Como eu não possuo 
Olho em volta de mim. Todos possuem - 
Um afecto, um sorriso ou um abraço. 
Só para mim as ânsias se diluem 
E não possuo mesmo quando enlaço. 
Roça por mim, em longe, a teoria 
Dos espasmos golfados ruivamente; 
São êxtases da cor que eu fremiria, 
Mas a minha alma pára e não os sente! 
Quero sentir. Não sei... perco-me todo... 
Não posso afeiçoar-me nem ser eu: 
Falta-me egoísmo para ascender ao céu, 
Falta-me unção para me afundar no lodo. 
Não sou amigo de ninguém.
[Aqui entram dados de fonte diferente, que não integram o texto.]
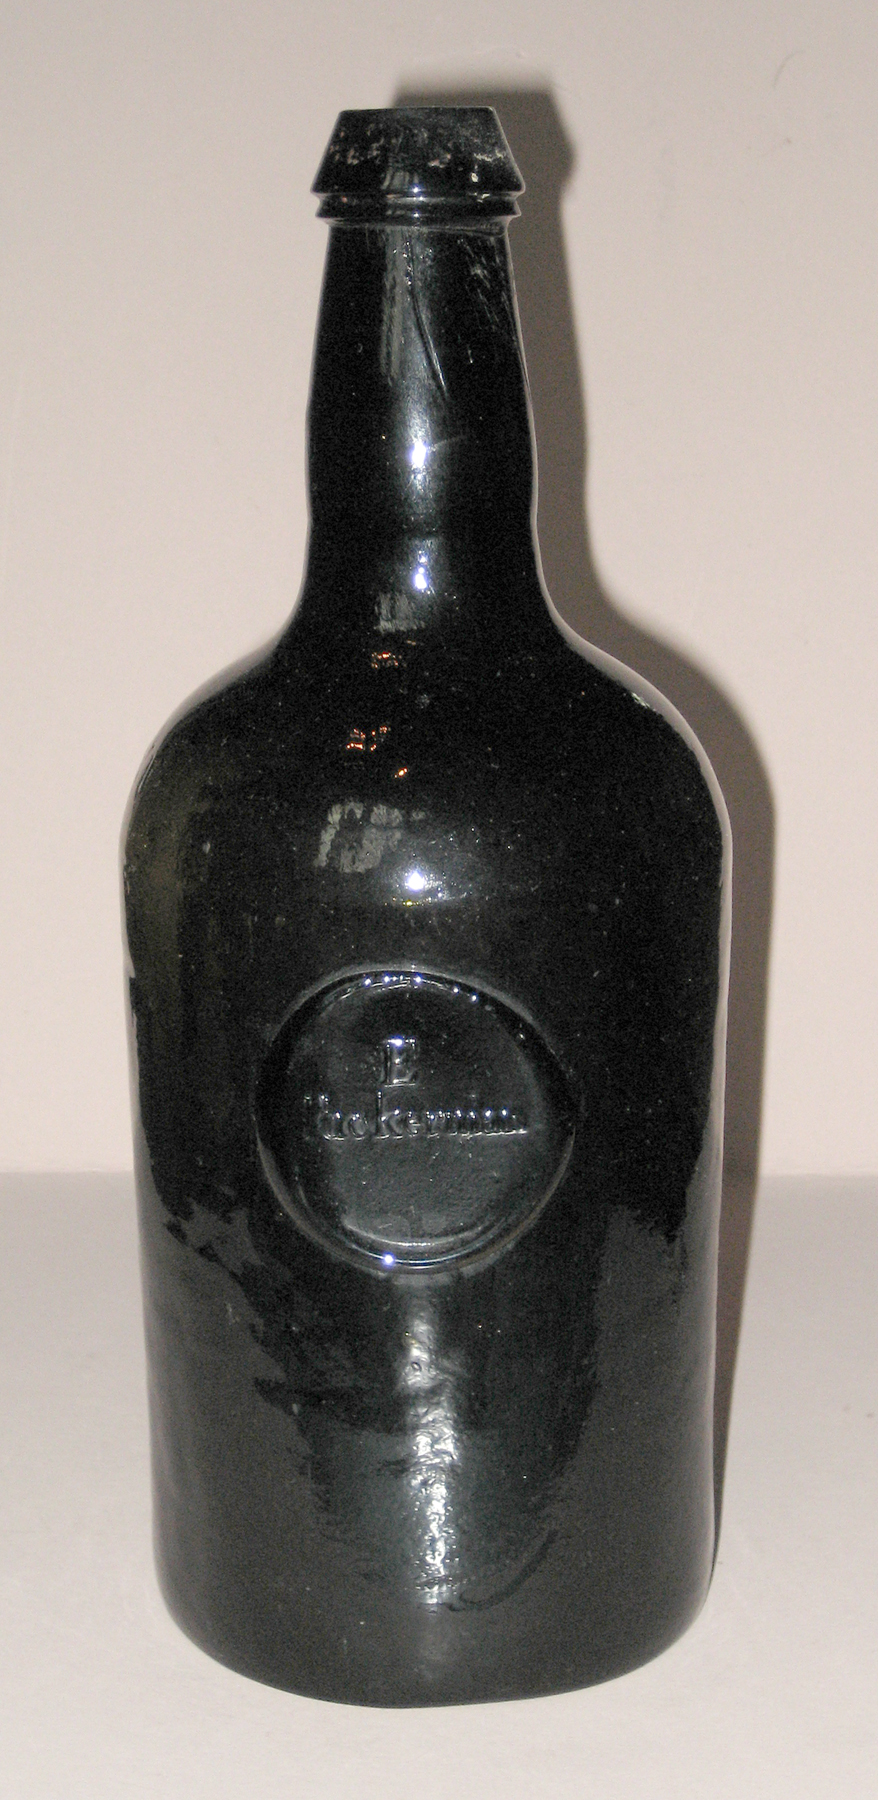 Bottle - Wine bottle

Para o ser 
Forçoso me era antes possuir 
Quem eu estimasse - ou homem ou mulher, 
E eu não logro nunca possuir!... 
Castrado de alma e sem saber fixar-me, 
Tarde a tarde na minha dor me afundo... 
Serei um emigrado doutro mundo 
Que nem na minha dor posso encontrar-me?... 
Como eu desejo a que ali vai na rua,
Tão ágil, tão agreste, tão de amor...
Como eu quisera emaranhá-la nua,
Bebê-la em espasmos de harmonia e cor!...
Desejo errado... Se eu a tivera um dia,
Toda sem véus, a carne estilizada
Sob o meu corpo arfando transbordada,
Nem mesmo assim - ó ânsia! - eu a teria...
Eu vibraria só agonizante
Sobre o seu corpo de êxtases dourados,
Se fosse aqueles seios transtornados,
Se fosse aquele sexo aglutinante...
De embate ao meu amor todo me ruo,
E vejo-me em destroço até vencendo:
É que eu teria só, sentindo e sendo
Aquilo que estrebucho e não possuo.
"Dispersão", Mário de Sá-Carneiro
(Mário de Sá-Carneiro nasceu no dia 19 de Maio de 1890. Morreu em 1916.)